Muchos son los sistemas y desarrollos que tendrán que ver con la aviación de sexta generación. Con independencia de si Suecia asume el reto en solitario o en compañía, Estocolmo ya dispone de suficientes capacidades como para tomar en serio sus estudios
El acuerdo, anunciado como decimos el 9 de septiembre, comprende trabajos hasta finales de 2028 y da continuidad a las actividades iniciadas en 2024 y ampliadas durante 2025. Saab añade también que el contrato incorpora opciones para extender determinadas actividades durante 2029 y 2030.
No se trata, por tanto, de una adjudicación para desarrollar ya un sucesor del JAS 39 Gripen, ni supone que Suecia haya adoptado una decisión definitiva sobre la configuración de su próxima generación de combate aéreo.
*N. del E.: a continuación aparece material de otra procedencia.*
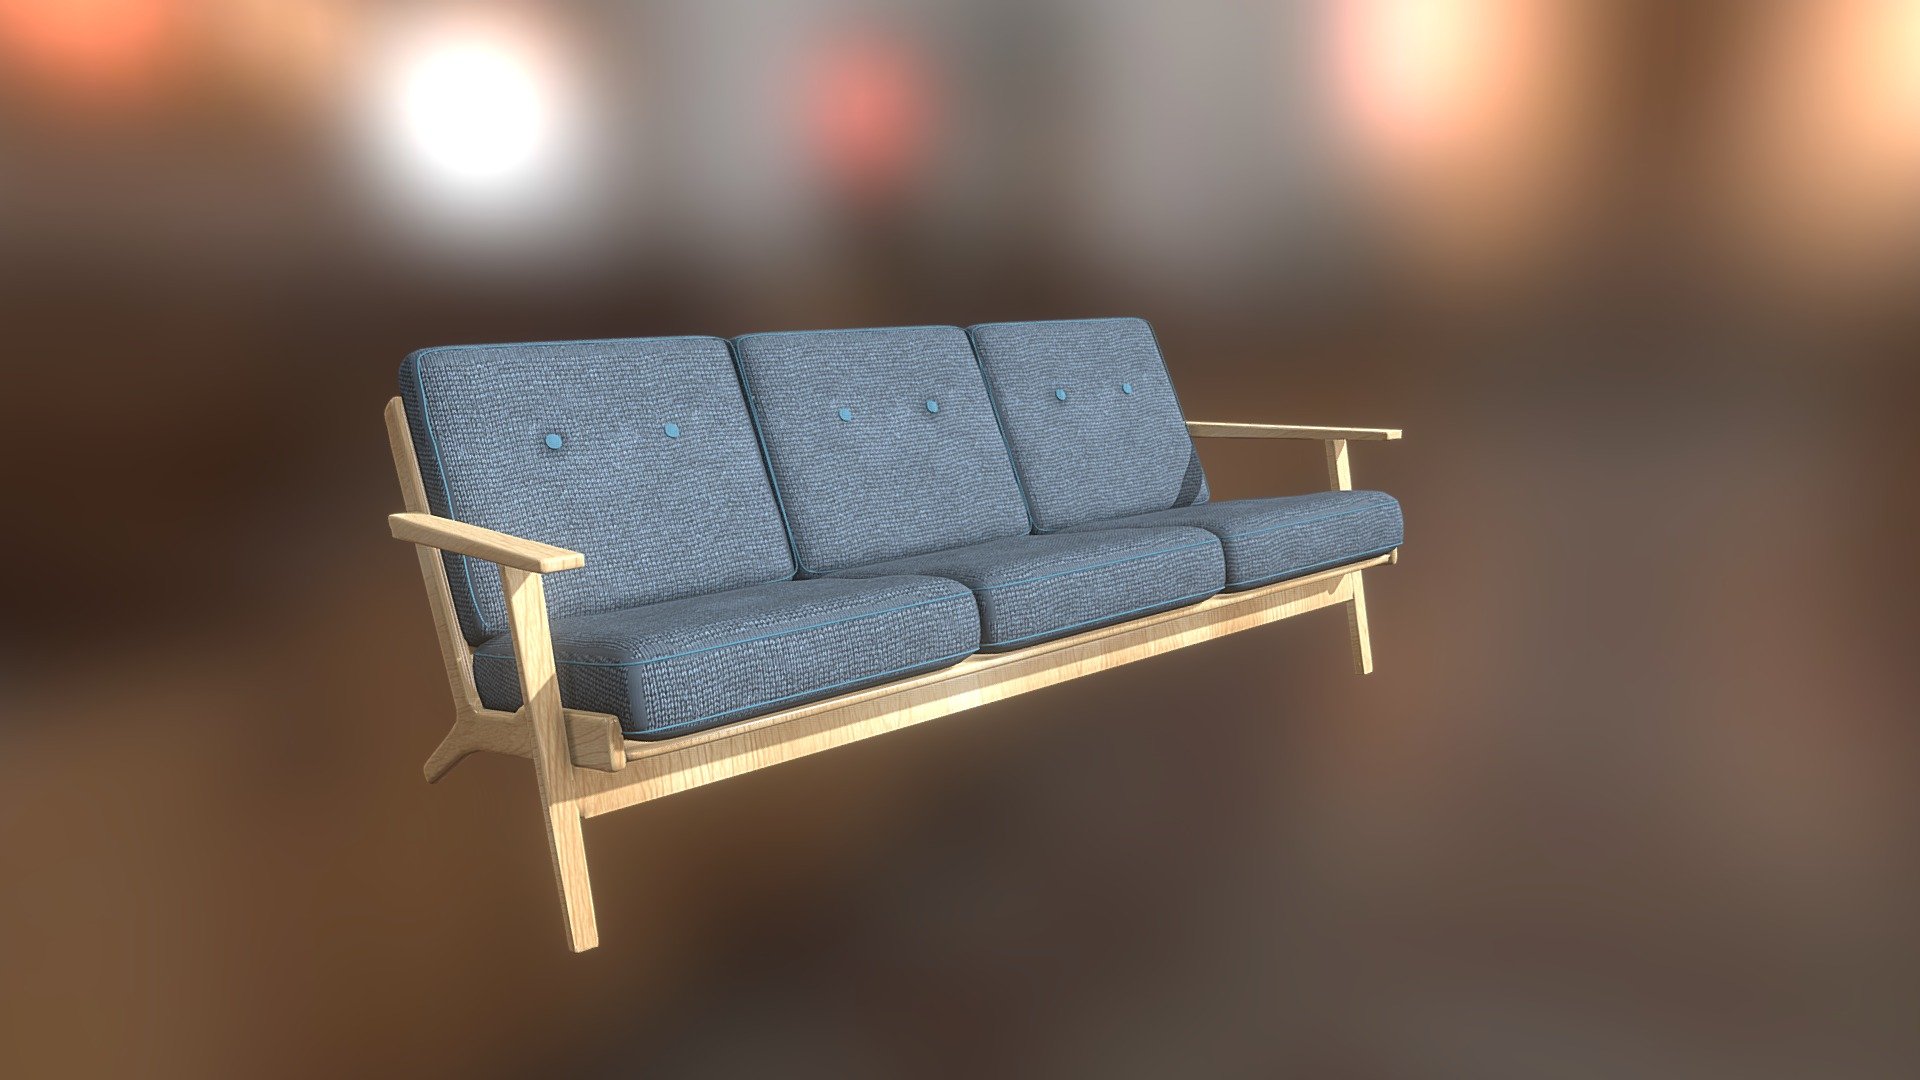 A modernist styled couch from the 60's - Vintage 60's Style Couch - Buy Royalty Free 3D model by veryveig 3d model

El objetivo inmediato, por más que esté estrechamente relacionado con lo anterior, es desarrollar, integrar y demostrar tecnologías, reducir riesgos y proporcionar al Gobierno y a las Fuerzas Armadas suecas una base técnica e industrial suficientemente sólida para adoptar posteriormente esa decisión. Lo que Estocolmo está haciendo es tejer unas mimbres notablemente sólidas, a partir de las cuales disponer de los elementos necesarios con los que asumir decisiones posteriores de cara a la consecución de futuros planes aeronáuticos nacionales. Todo ello, huelga decirlo, con la suficiente solvencia y respaldo industriales que minimicen errores.
Demostradores, autonomía y baja observabilidad
Según Saab, los nuevos trabajos abarcarán demostradores de vuelo y terrestres, estudios avanzados y el desarrollo de futuros conceptos de sistema tanto tripulados como no tripulados.
Las áreas tecnológicas mencionadas expresamente por la compañía incluyen la integración de sistemas, autonomía, adaptación de firma —incluyendo tecnologías relacionadas con una menor detectabilidad—, propulsión, desarrollo digital y futuras capacidades de producción.
La FMV establece que el trabajo se desarrolla dentro del Konceptprogram Framtida Stridsflygsystem (KFS) y que participan, además de la propia administración de material, las Fuerzas Armadas suecas, el instituto de investigación de defensa FOI, Saab y GKN Aerospace.
Junto al contrato concedido a Saab, la FMV ha firmado otro con GKN Aerospace, por aproximadamente 35 millones de euros, destinado igualmente a estudios tecnológicos y actividades de desarrollo relacionadas con el futuro sistema de combate aéreo.
Carl-Fredrik Edström, responsable del área de material aéreo y espacial de la FMV, explica que el programa está entrando progresivamente en una fase en la que los estudios conceptuales empiezan a convertirse en tecnología susceptible de ser integrada y demostrada en condiciones prácticas.
El propósito, siempre según la agencia sueca, es acumular conocimiento y reducir los riesgos tecnológicos antes de que se adopten las decisiones fundamentales sobre la futura capacidad de combate aéreo del país.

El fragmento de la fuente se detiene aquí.